╔══
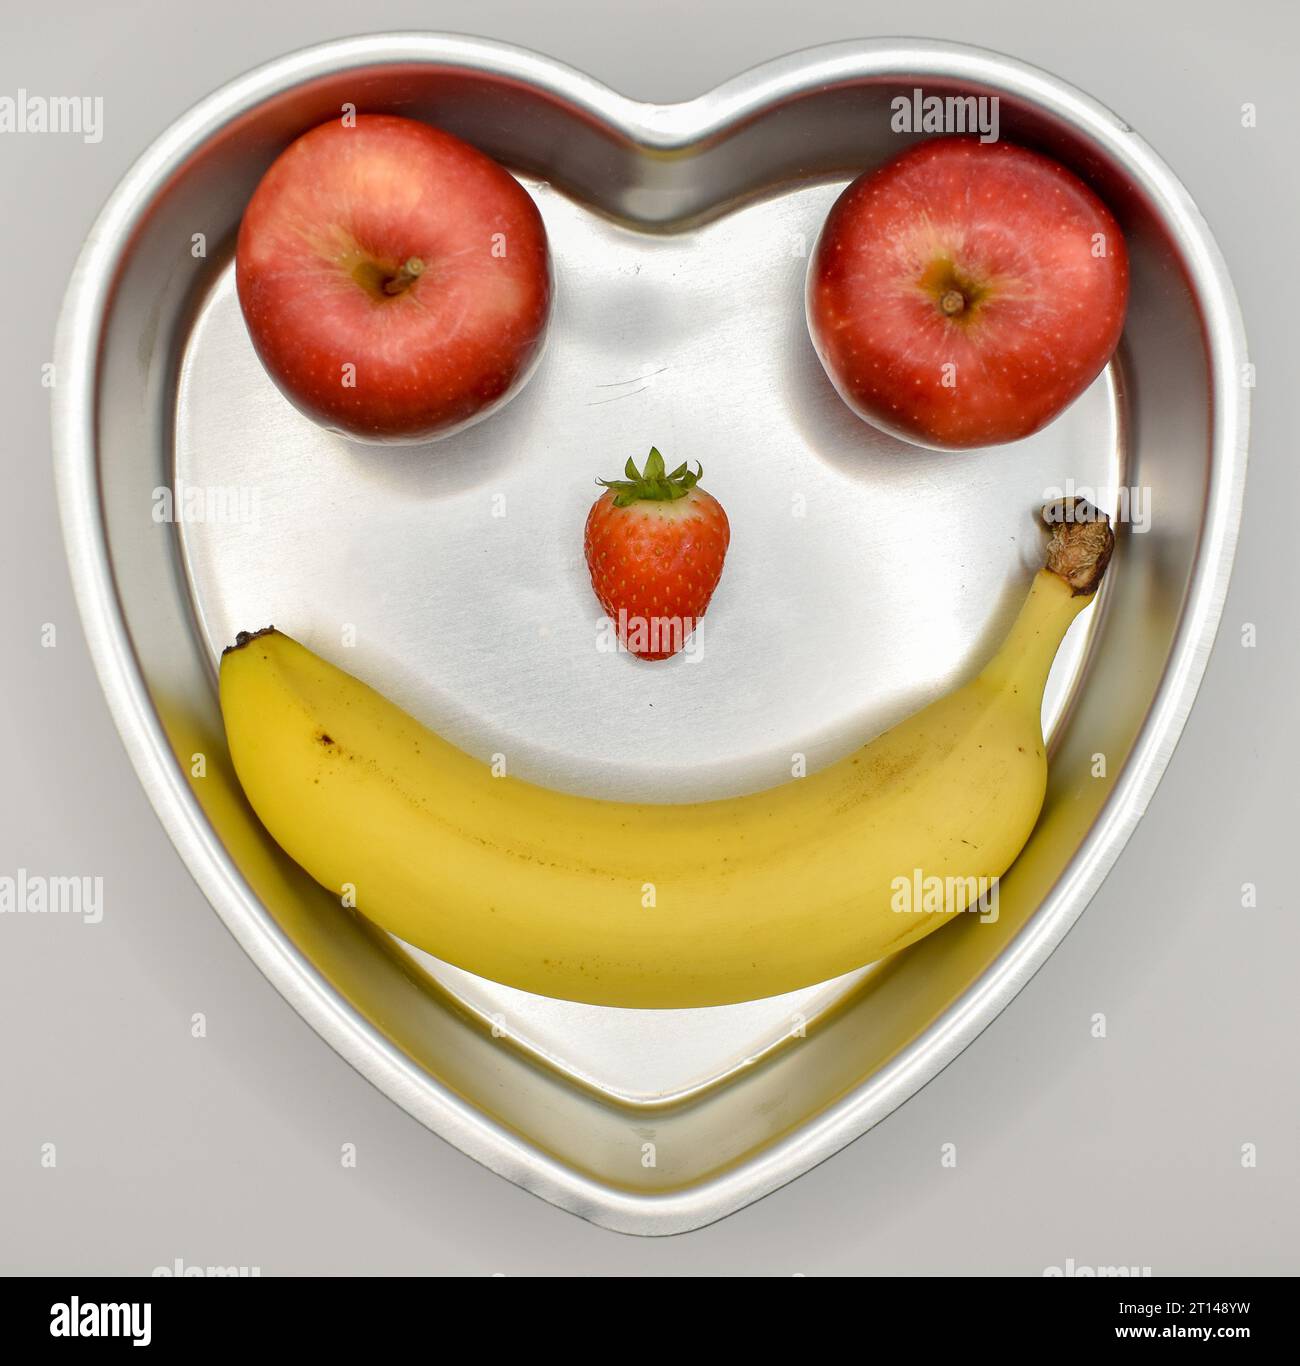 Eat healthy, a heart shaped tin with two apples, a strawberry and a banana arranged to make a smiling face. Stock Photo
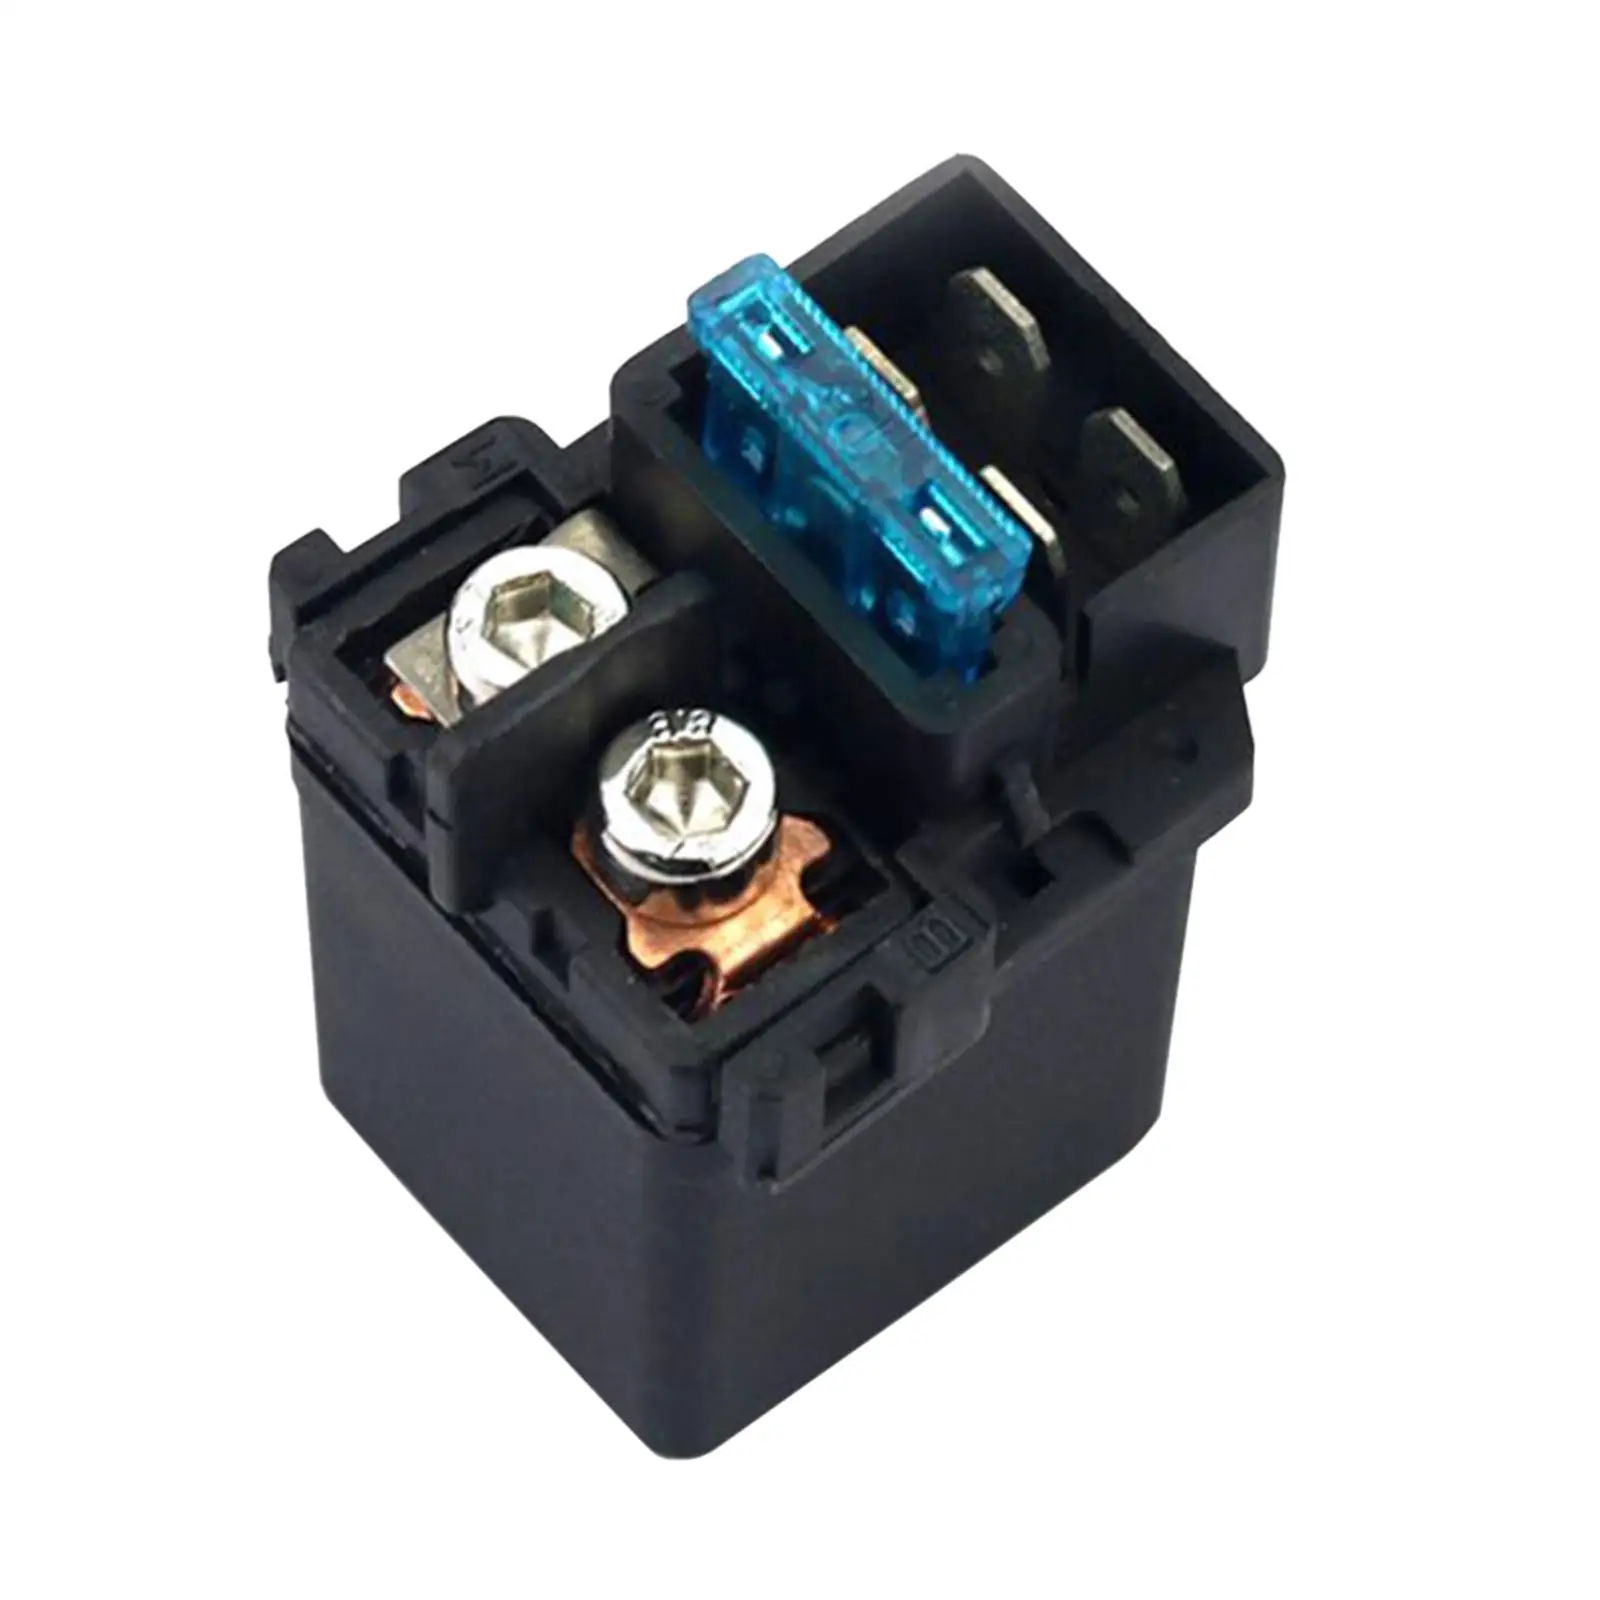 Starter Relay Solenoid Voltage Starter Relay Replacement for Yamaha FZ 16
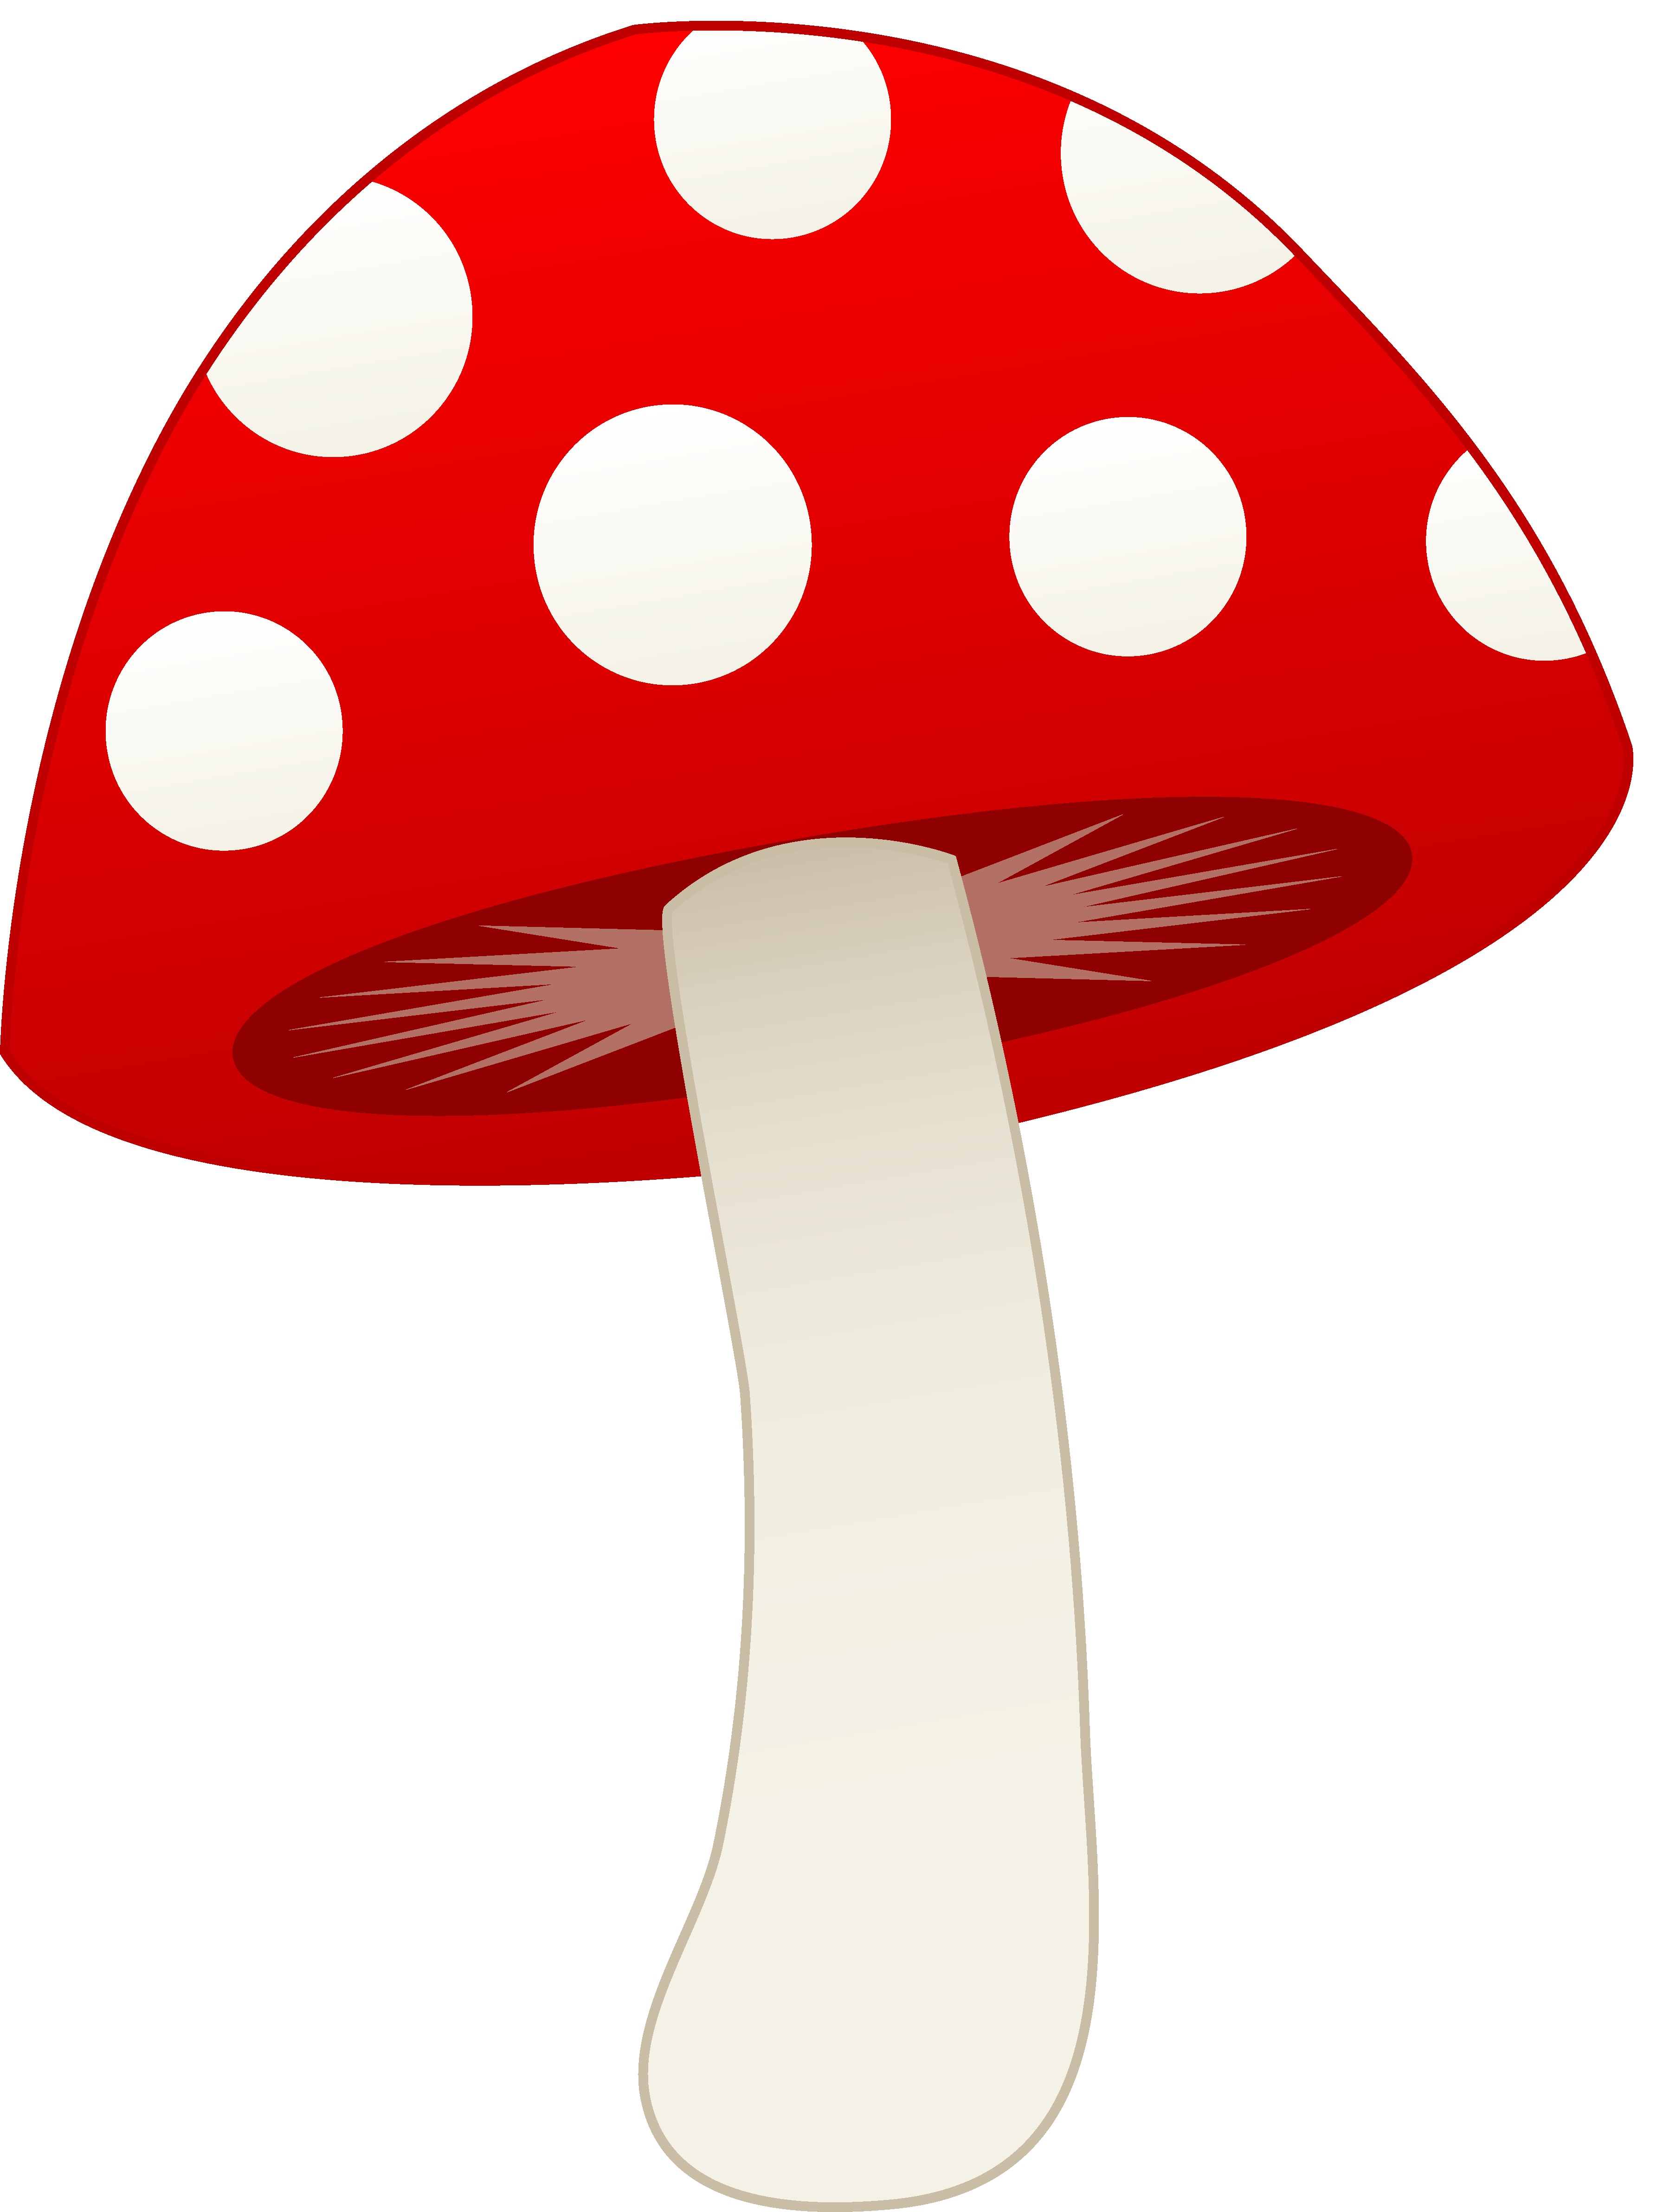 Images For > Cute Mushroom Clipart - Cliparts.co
╚══
### HOW TO COMPLETE THIS TASK
Would you return the whole listing exactly, without the pictures?

### TASK RESPONSE
 Eat healthy, a heart shaped tin with two apples, a strawberry and a banana arranged to make a smiling face. Stock Photo
 Starter Relay Solenoid Voltage Starter Relay Replacement for Yamaha FZ 16
 Images For > Cute Mushroom Clipart - Cliparts.co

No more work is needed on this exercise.